> [TASK PROMPT]
Which lines run from the one containing "Tableau voiliers série marine" through the last line of the records? Copy them exactly, leaving pictures out.

DATA EXTRACTS section start

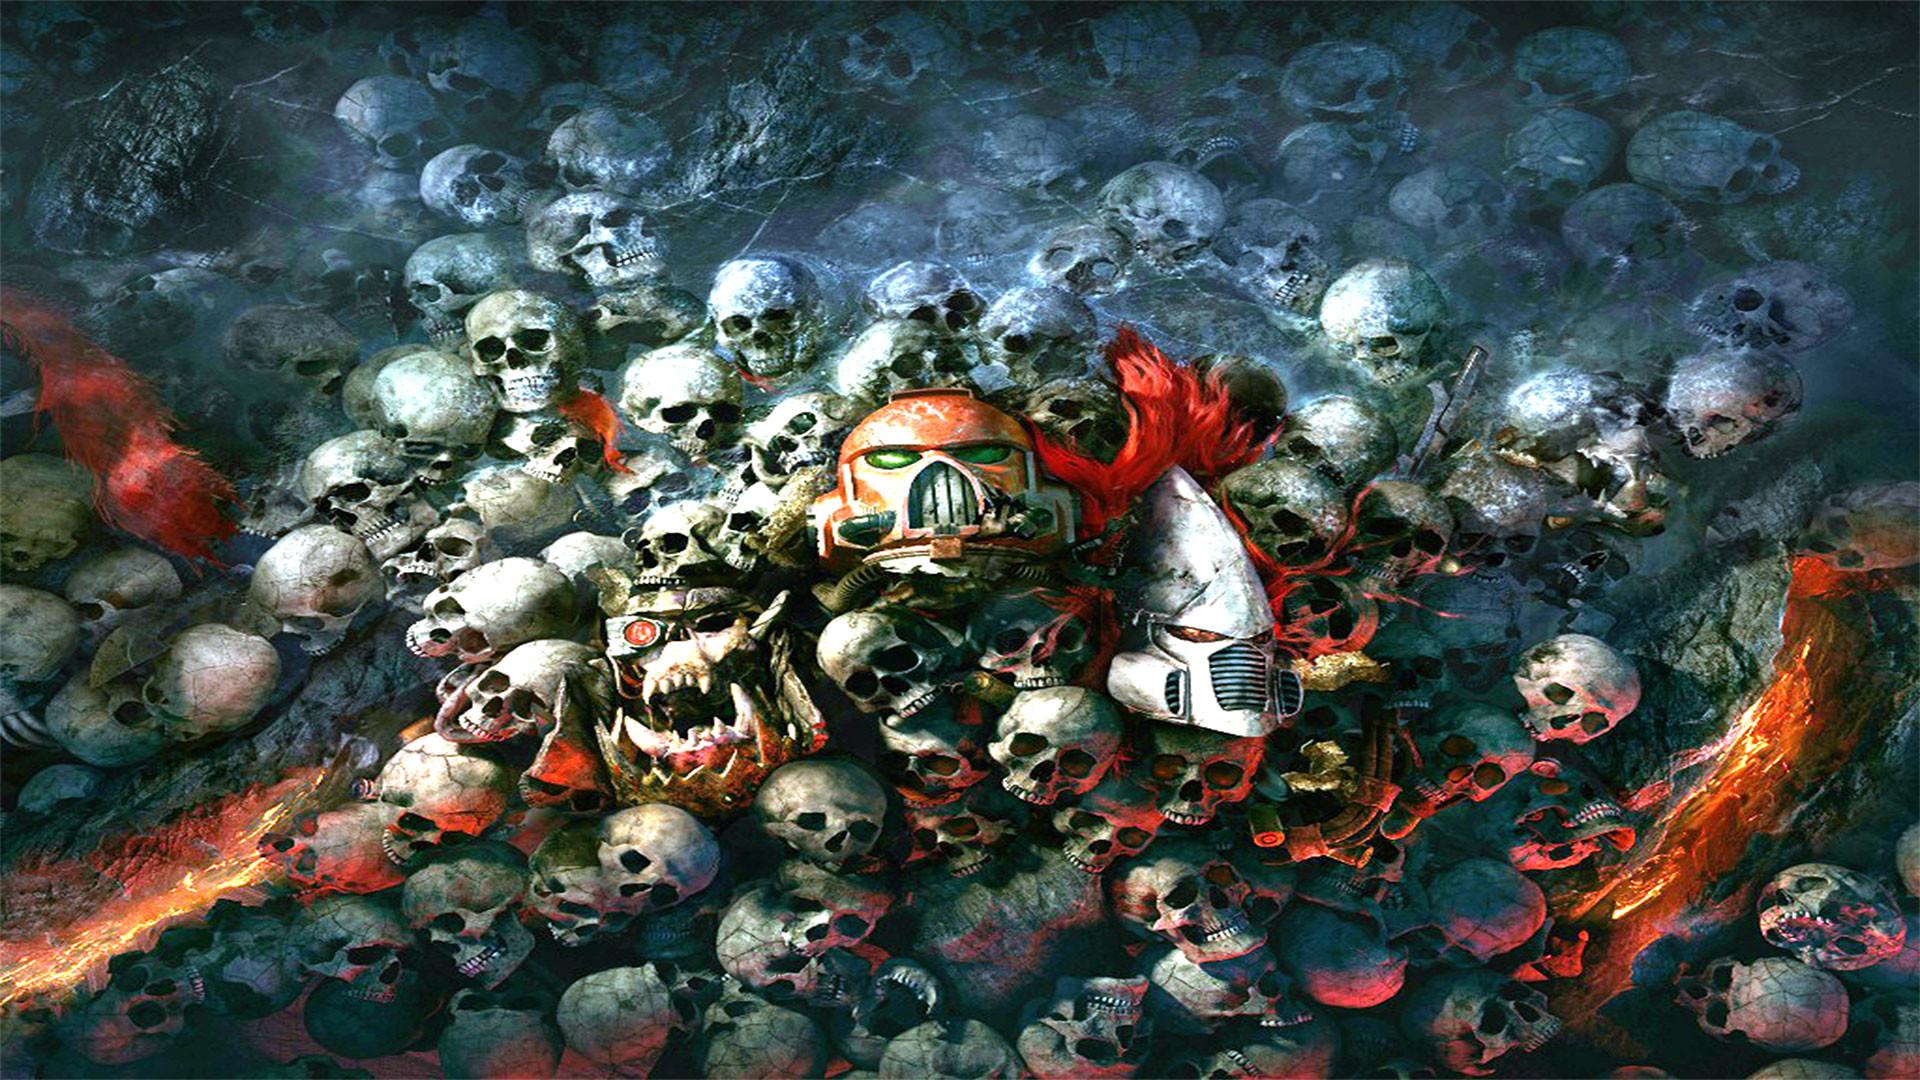 Warhammer 40,000: Dawn of War III 4K Wallpaper …
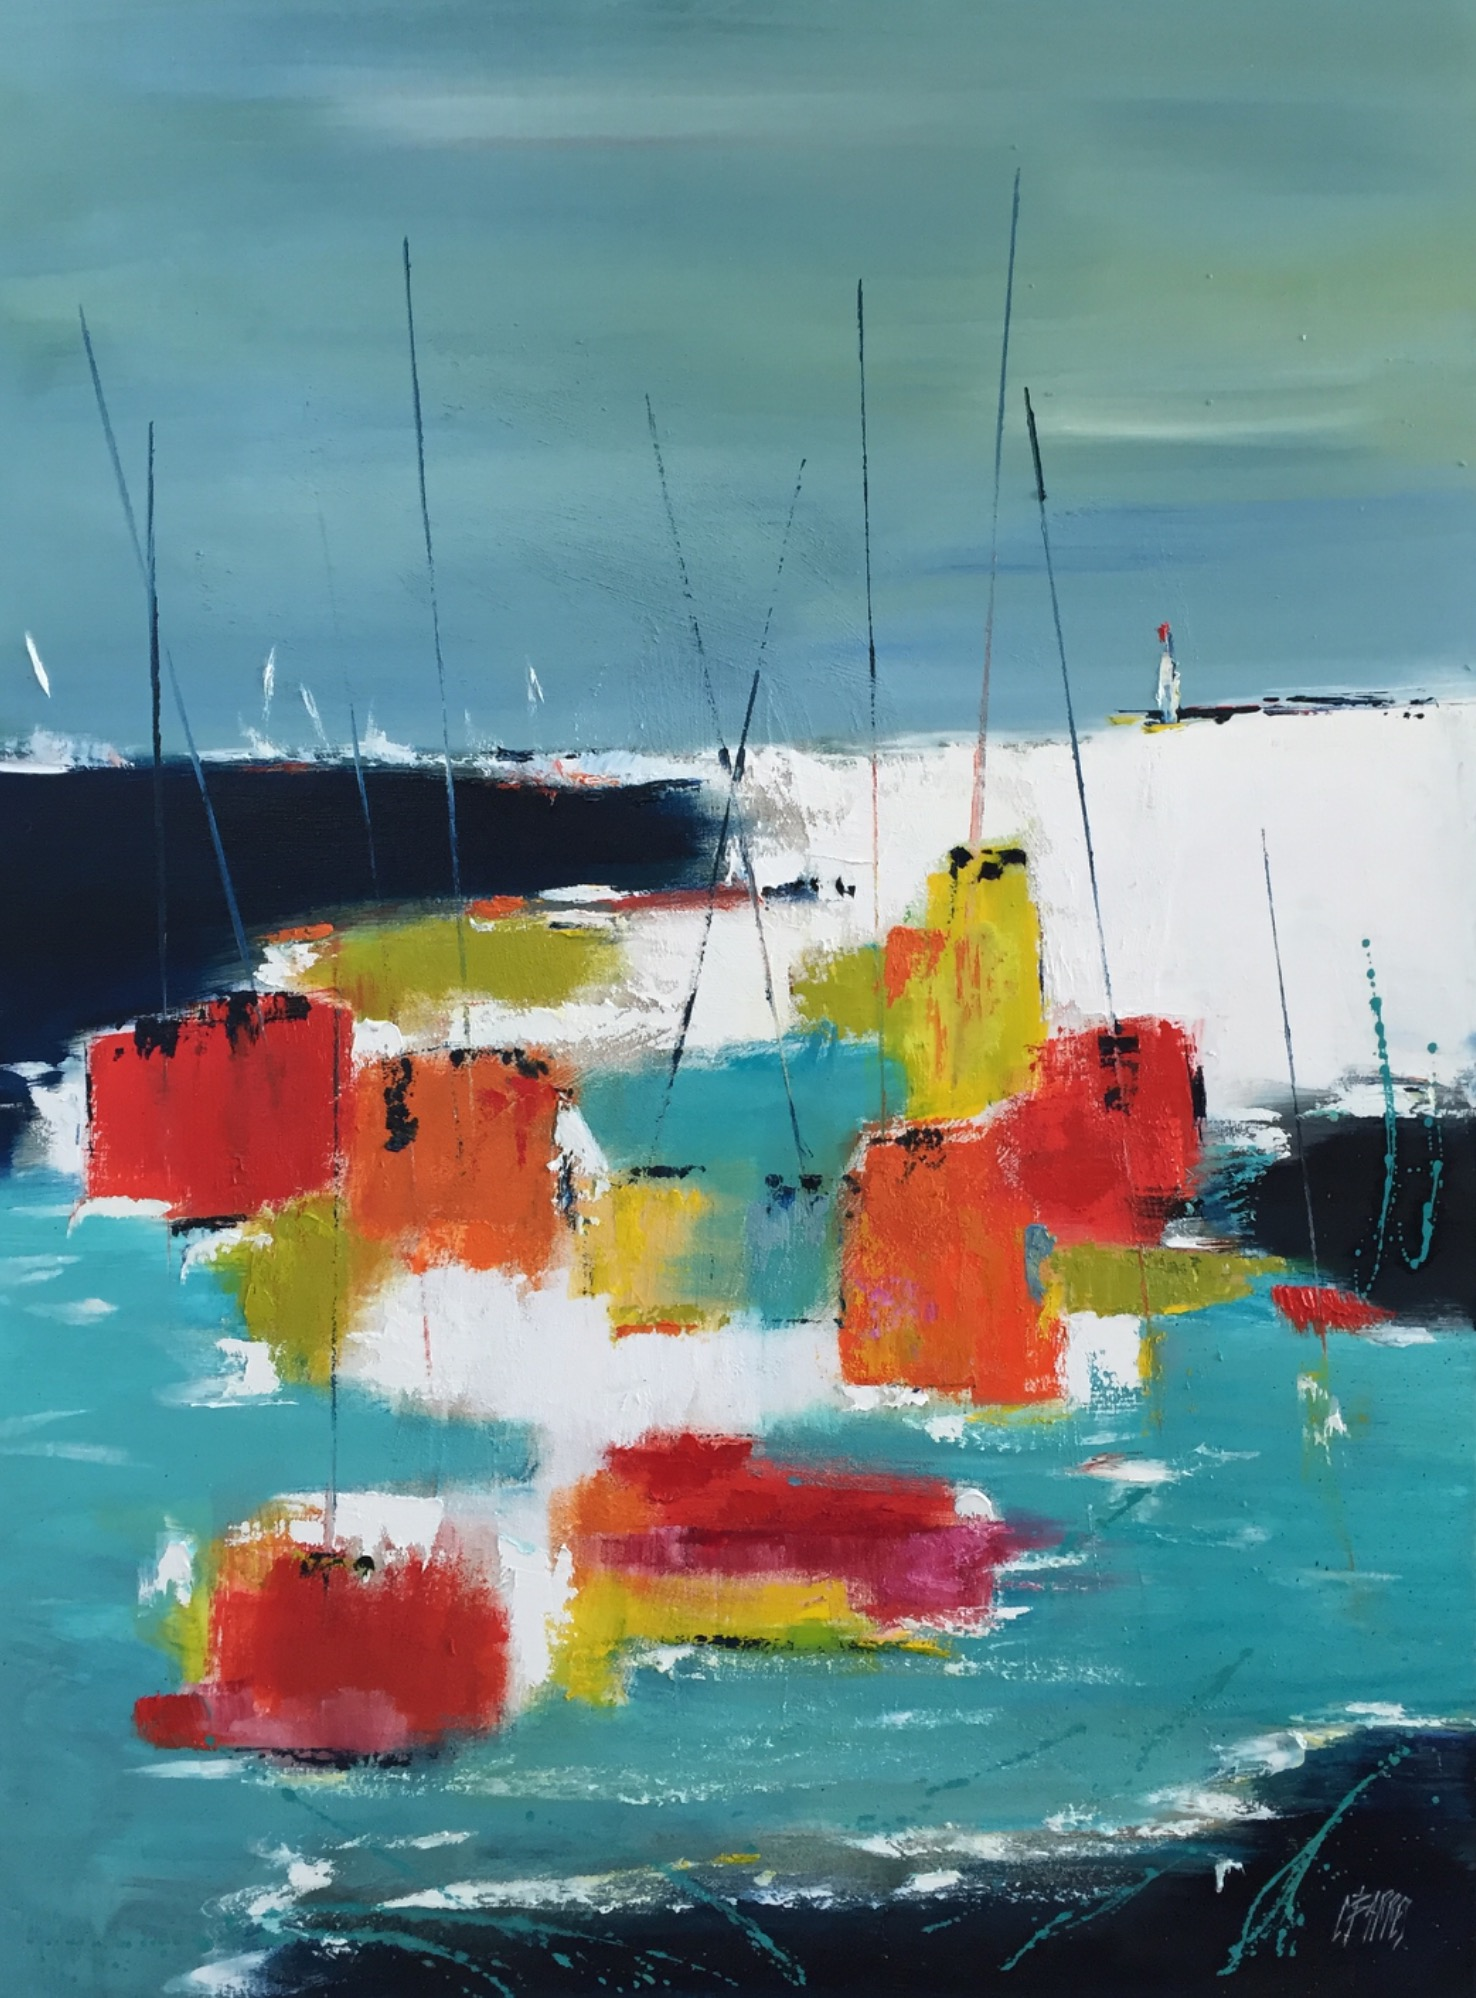 Tableau voiliers série marine
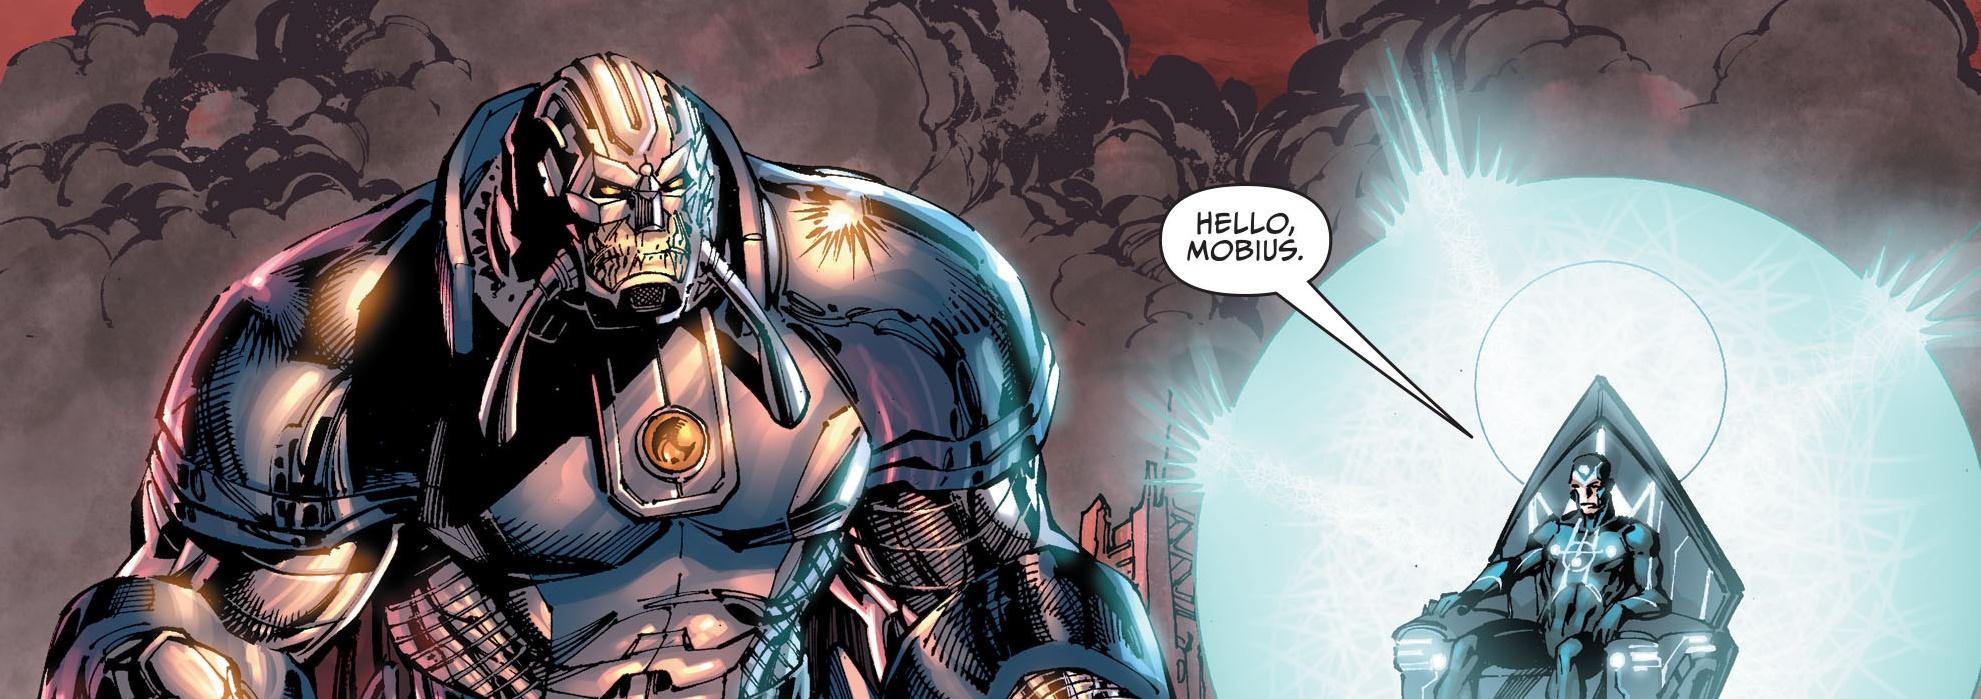 Justice League 40 thumb4
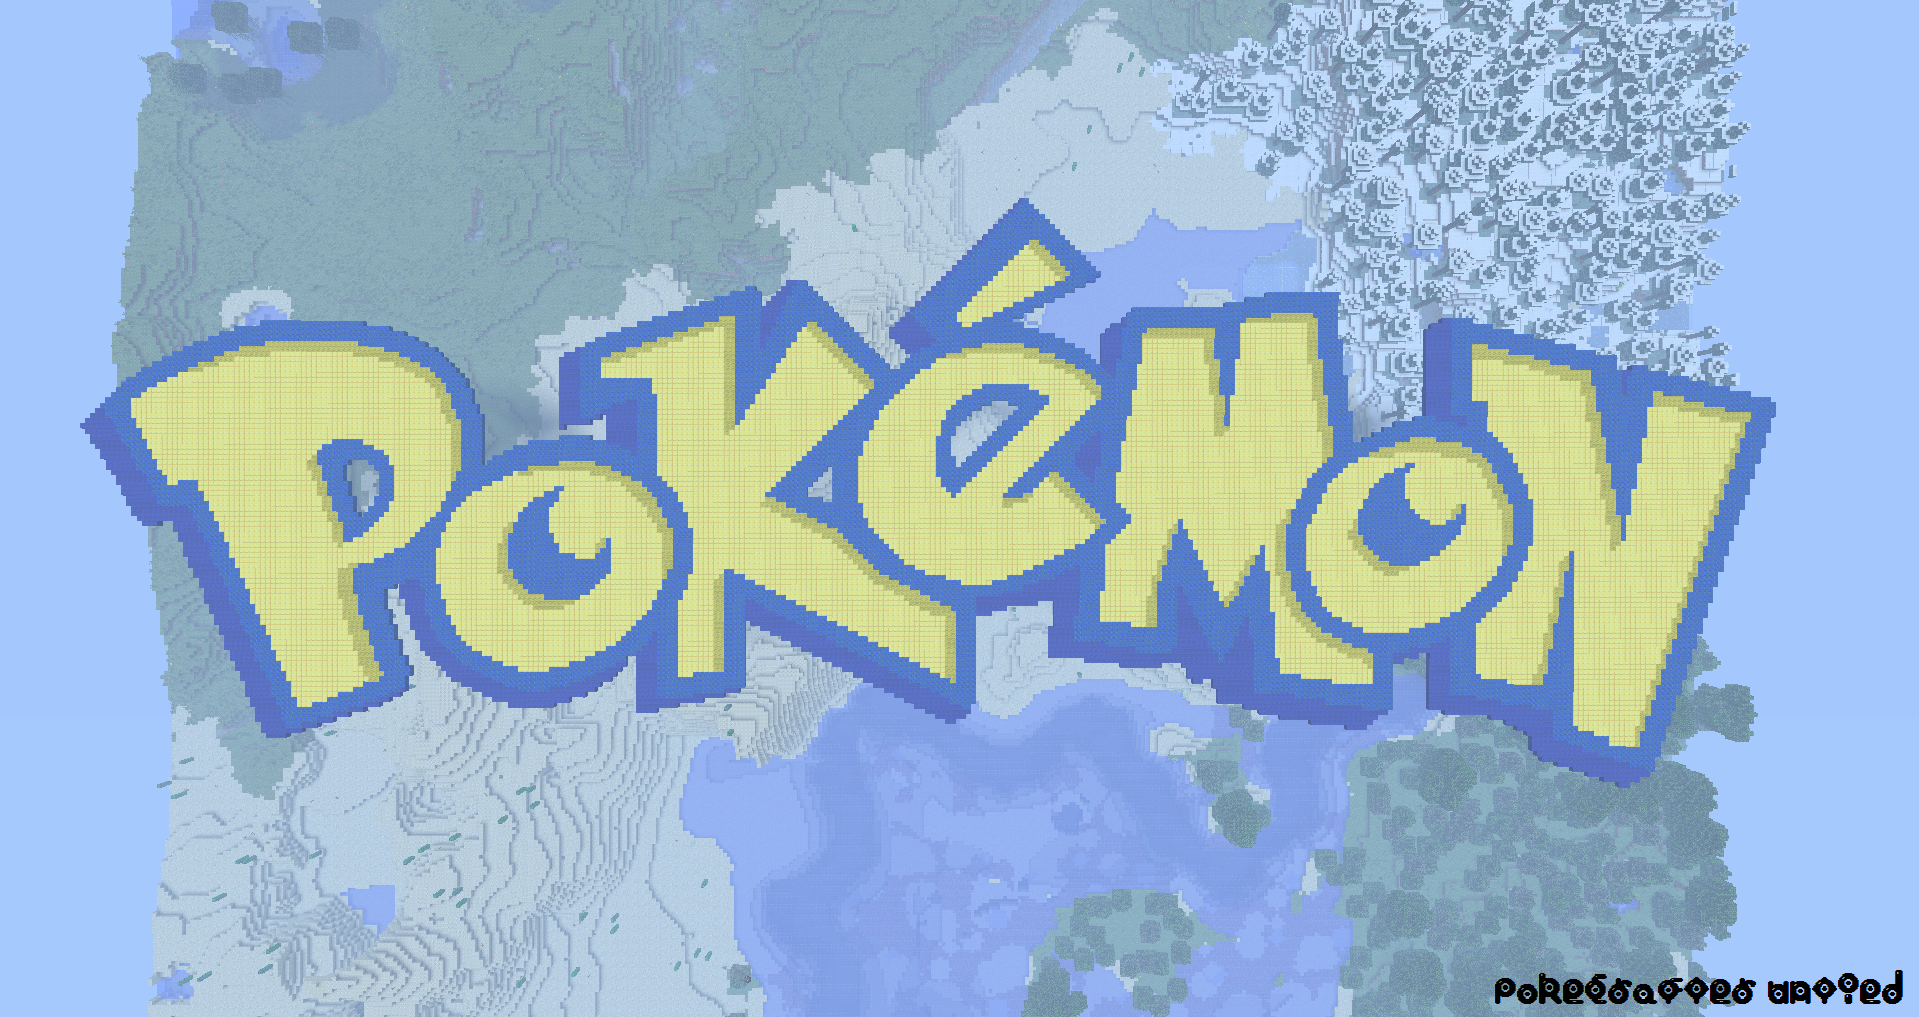 Pokemon logo in minecraft big enough by pkmnmc on - Pokemon logo minecraft ...
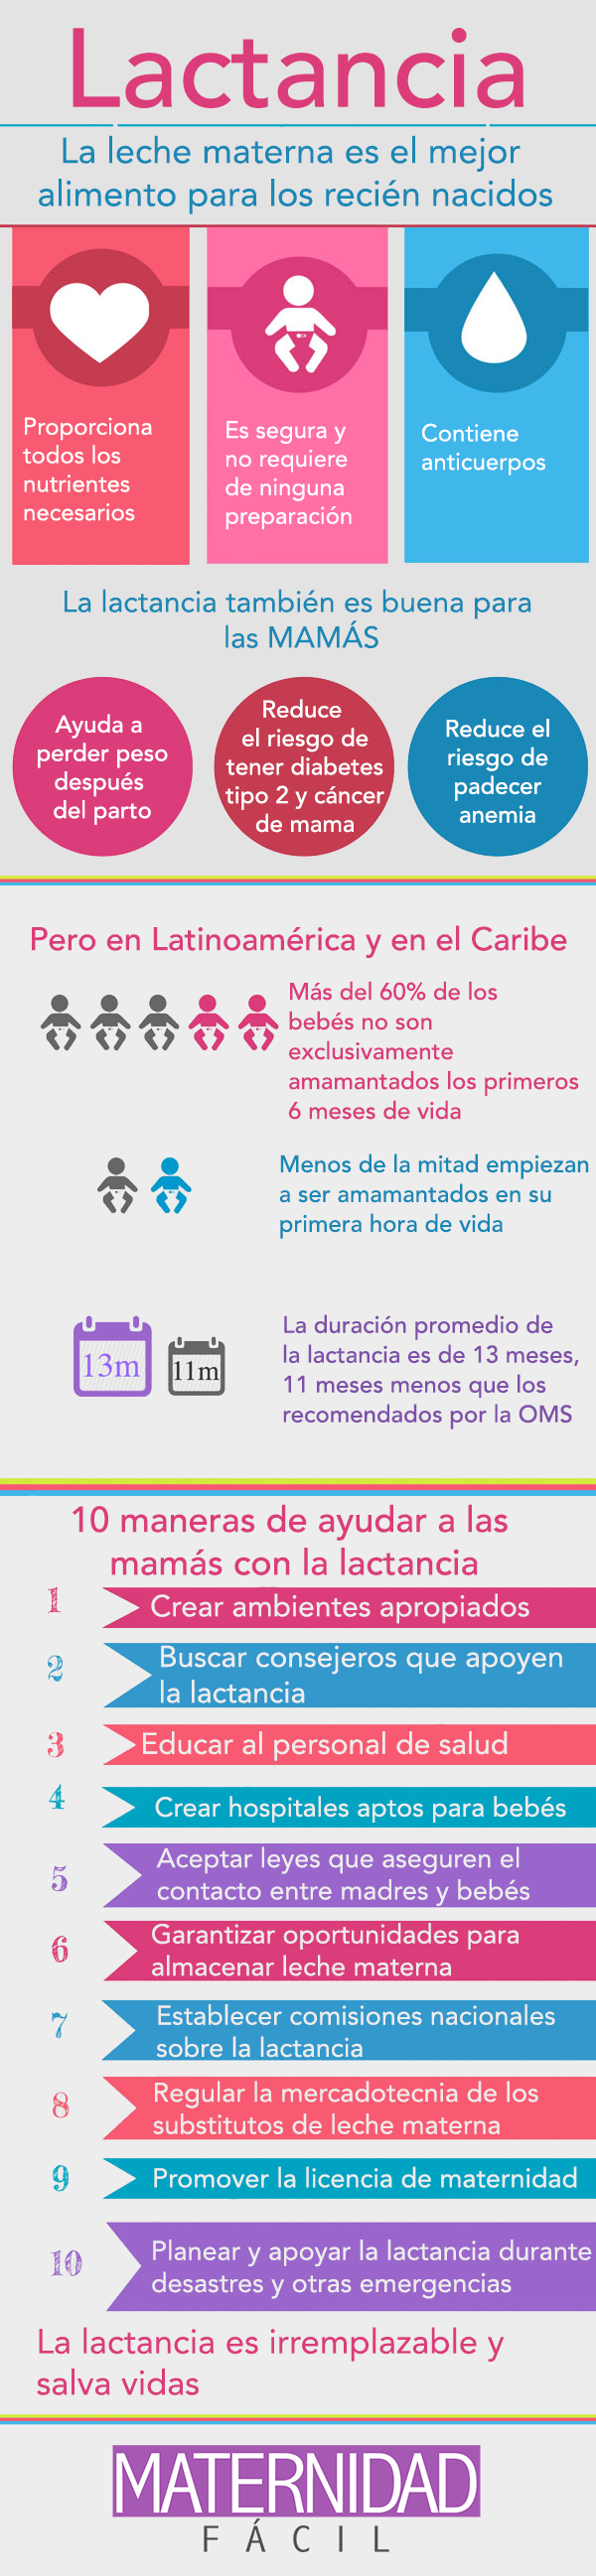 infografia lactancia materna

DATA EXTRACTS section end

> [RESPONSE BELOW]
 Tableau voiliers série marine
 Justice League 40 thumb4
 Pokemon logo in minecraft big enough by pkmnmc on - Pokemon logo minecraft ...
 infografia lactancia materna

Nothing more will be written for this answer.